The schools have welcomed the challenge of providing a safe environment for students’ return. At Ramsey Middle School, staff have adorned the hallways with directional arrows for student foot traffic. Signs are scattered throughout the building reminding all of social distancing guidelines. Excess furniture has been removed. Stockings will be distributed to band members to cover the horns of their instruments.

Governor Tim Walz’s Safe Learning Plan recommends 6 feet of distance between students and staff, or 3 feet when that is not possible. Ramsey’s staff have had to get creative. With larger class sections, the lessons will be presented in larger and more open spaces.

The return to in-person instruction represents a turning point for building strong relationships with students this school year, according to Ramsey principal Teresa Vibar. Four-and-a-half hours per day is better than none, she said. However, even six hours per day could not undo the academic damage caused by the pandemic over the past year, she added. “We’re not going to make up all of the ground that’s been lost in just this last quarter of the year, but we have to start somewhere,” Vibar said.

Incidence of COVID remains low

The Saint Paul district’s elementary schools returned to in-person learning in February, and the incidence of COVID-19 infections has remained relatively low. In the second week of November, while students were all still distance learning, the district recorded a high of 49 positive cases among staff and students in grades PreK-12. There were totals of 19 positive cases at the end of January, 25 positive cases in mid-February and 10 positive cases in mid-March.

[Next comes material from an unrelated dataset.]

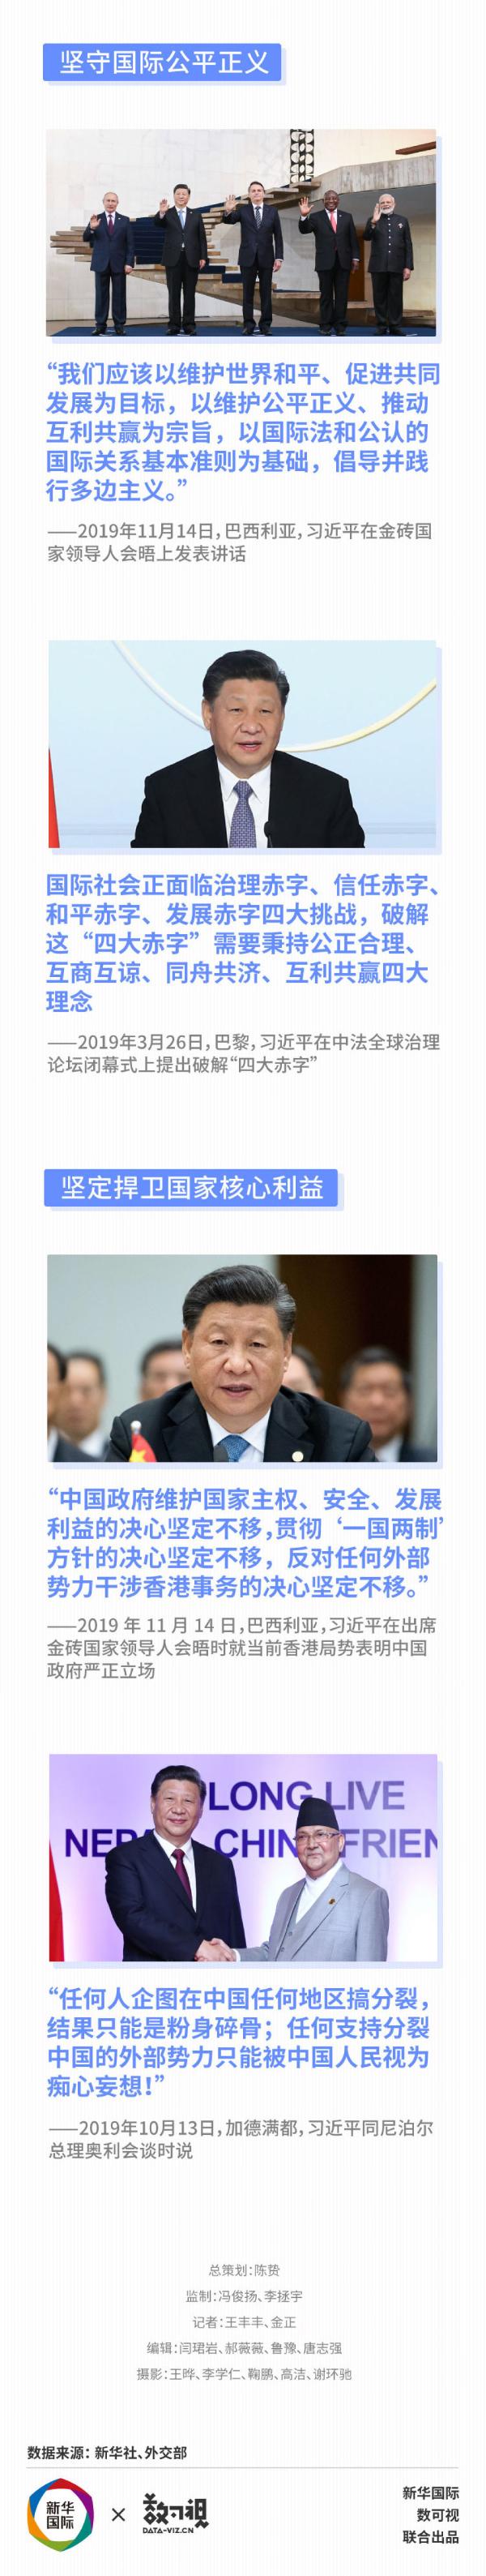 图解2019年习近平出访

Superintendent Joe Gothard said on March 9 that he was confident that all district staff will soon have access to at least one dose of a COVID-19 vaccine. District administrators are urging families to report any COVID-19 cases. That will allow for contact tracing and the strategic closing of classrooms, grade levels or full buildings should the need arise.

Saint Paul School Board member Jessica Kopp, who is the mother of a returning middle-schooler, said she has detected fewer concerns among parents in recent weeks when compared to the weeks before the elementary schools’ return to in-person learning in February. She said that may have something to do with the lower COVID-19 case numbers in the state and the greater availability of vaccines. However, she added, “I feel our responsibility as a district and as a board is to provide appropriate and compassionate options.”